[DATASET RECORDS — start]

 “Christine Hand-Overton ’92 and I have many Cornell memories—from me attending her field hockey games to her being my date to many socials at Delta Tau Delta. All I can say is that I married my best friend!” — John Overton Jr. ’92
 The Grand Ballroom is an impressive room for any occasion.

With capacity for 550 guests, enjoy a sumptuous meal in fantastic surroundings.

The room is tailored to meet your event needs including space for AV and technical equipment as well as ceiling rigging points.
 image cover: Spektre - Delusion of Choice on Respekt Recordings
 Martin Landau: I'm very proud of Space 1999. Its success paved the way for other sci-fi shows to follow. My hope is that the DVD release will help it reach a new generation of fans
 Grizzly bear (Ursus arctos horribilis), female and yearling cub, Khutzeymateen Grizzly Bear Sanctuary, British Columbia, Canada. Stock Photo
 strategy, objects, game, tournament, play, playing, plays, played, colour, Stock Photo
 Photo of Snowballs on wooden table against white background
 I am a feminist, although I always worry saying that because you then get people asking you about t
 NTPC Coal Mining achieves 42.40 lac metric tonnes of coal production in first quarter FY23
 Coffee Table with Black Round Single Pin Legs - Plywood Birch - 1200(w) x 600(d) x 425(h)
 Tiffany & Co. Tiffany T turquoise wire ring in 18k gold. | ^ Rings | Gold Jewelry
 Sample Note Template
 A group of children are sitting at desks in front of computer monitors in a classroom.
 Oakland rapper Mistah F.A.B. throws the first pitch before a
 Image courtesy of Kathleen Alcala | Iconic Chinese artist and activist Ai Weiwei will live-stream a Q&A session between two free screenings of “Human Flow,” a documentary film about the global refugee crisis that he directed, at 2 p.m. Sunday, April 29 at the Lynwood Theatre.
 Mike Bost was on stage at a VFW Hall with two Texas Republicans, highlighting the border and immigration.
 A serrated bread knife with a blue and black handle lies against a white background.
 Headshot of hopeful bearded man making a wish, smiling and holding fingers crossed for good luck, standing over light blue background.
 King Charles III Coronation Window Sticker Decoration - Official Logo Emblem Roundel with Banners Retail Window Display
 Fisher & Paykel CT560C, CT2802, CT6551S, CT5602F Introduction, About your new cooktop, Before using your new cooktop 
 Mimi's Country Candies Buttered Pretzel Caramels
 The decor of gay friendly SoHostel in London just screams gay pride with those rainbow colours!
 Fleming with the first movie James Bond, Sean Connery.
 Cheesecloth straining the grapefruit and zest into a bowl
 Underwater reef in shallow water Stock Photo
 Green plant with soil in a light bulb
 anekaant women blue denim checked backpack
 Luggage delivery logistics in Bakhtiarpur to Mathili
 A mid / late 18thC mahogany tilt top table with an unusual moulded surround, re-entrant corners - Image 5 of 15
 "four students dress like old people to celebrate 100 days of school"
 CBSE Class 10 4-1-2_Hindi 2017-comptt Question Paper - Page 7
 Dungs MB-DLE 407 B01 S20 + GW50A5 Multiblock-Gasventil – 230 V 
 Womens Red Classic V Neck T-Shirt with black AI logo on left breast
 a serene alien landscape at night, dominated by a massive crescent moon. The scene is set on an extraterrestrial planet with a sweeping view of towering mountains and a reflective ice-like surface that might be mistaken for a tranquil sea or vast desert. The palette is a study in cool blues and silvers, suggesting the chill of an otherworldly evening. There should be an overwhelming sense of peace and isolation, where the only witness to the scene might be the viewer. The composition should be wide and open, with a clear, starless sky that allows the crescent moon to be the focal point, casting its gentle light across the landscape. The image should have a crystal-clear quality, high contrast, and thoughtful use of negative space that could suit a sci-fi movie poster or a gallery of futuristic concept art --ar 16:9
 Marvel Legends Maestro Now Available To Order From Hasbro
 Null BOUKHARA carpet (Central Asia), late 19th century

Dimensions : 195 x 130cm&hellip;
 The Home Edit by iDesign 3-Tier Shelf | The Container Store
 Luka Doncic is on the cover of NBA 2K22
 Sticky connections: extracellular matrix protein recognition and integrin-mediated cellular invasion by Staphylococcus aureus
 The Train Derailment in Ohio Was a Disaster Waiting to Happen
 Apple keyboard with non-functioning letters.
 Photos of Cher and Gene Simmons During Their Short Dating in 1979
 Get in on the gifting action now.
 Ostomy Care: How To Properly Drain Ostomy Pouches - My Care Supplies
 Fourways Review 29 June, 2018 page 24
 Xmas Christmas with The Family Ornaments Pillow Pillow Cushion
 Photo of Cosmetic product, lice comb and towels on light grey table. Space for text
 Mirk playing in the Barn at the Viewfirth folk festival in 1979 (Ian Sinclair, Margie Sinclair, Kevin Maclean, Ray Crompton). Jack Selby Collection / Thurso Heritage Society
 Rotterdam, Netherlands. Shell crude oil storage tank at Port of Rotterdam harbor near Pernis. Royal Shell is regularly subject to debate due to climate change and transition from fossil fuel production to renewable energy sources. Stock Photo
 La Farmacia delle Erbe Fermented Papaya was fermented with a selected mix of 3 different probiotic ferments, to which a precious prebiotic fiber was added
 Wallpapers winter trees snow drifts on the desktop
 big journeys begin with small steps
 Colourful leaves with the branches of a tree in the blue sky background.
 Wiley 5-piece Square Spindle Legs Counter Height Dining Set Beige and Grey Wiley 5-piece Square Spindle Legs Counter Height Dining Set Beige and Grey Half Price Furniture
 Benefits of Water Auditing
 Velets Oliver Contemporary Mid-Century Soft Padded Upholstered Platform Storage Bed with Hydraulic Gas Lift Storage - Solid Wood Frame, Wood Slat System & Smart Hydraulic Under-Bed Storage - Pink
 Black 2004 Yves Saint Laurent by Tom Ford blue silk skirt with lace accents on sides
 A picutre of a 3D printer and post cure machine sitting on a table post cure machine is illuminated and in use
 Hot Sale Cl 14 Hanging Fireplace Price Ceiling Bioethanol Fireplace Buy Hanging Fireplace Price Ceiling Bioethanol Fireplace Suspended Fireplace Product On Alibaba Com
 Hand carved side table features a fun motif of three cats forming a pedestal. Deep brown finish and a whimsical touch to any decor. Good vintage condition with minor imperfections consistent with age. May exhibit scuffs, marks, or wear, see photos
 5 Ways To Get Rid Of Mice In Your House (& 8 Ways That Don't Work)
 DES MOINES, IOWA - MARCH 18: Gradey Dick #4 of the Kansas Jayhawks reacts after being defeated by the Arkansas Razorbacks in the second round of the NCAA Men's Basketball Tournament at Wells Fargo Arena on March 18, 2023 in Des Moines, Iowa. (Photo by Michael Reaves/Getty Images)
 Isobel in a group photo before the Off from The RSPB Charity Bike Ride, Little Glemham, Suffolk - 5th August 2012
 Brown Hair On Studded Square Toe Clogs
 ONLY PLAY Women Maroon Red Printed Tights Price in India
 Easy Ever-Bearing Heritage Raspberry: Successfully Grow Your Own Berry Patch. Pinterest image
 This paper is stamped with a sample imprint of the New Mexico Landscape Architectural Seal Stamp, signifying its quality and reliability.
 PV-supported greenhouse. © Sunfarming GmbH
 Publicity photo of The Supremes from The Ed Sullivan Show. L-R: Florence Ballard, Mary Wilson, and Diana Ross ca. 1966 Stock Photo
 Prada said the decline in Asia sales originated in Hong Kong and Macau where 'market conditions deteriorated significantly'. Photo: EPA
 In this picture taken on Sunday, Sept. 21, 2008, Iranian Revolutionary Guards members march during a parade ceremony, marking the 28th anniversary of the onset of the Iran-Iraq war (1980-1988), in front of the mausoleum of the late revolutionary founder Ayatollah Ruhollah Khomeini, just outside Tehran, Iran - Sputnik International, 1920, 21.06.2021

[DATASET RECORDS — finish]

## WHAT IS NEEDED:
Please restate only the opening stretch of the records above: every line from the first through the one containing "Image courtesy of", exactly as written.

## ANSWER SECTION:
 “Christine Hand-Overton ’92 and I have many Cornell memories—from me attending her field hockey games to her being my date to many socials at Delta Tau Delta. All I can say is that I married my best friend!” — John Overton Jr. ’92
 The Grand Ballroom is an impressive room for any occasion.

With capacity for 550 guests, enjoy a sumptuous meal in fantastic surroundings.

The room is tailored to meet your event needs including space for AV and technical equipment as well as ceiling rigging points.
 image cover: Spektre - Delusion of Choice on Respekt Recordings
 Martin Landau: I'm very proud of Space 1999. Its success paved the way for other sci-fi shows to follow. My hope is that the DVD release will help it reach a new generation of fans
 Grizzly bear (Ursus arctos horribilis), female and yearling cub, Khutzeymateen Grizzly Bear Sanctuary, British Columbia, Canada. Stock Photo
 strategy, objects, game, tournament, play, playing, plays, played, colour, Stock Photo
 Photo of Snowballs on wooden table against white background
 I am a feminist, although I always worry saying that because you then get people asking you about t
 NTPC Coal Mining achieves 42.40 lac metric tonnes of coal production in first quarter FY23
 Coffee Table with Black Round Single Pin Legs - Plywood Birch - 1200(w) x 600(d) x 425(h)
 Tiffany & Co. Tiffany T turquoise wire ring in 18k gold. | ^ Rings | Gold Jewelry
 Sample Note Template
 A group of children are sitting at desks in front of computer monitors in a classroom.
 Oakland rapper Mistah F.A.B. throws the first pitch before a
 Image courtesy of Kathleen Alcala | Iconic Chinese artist and activist Ai Weiwei will live-stream a Q&A session between two free screenings of “Human Flow,” a documentary film about the global refugee crisis that he directed, at 2 p.m. Sunday, April 29 at the Lynwood Theatre.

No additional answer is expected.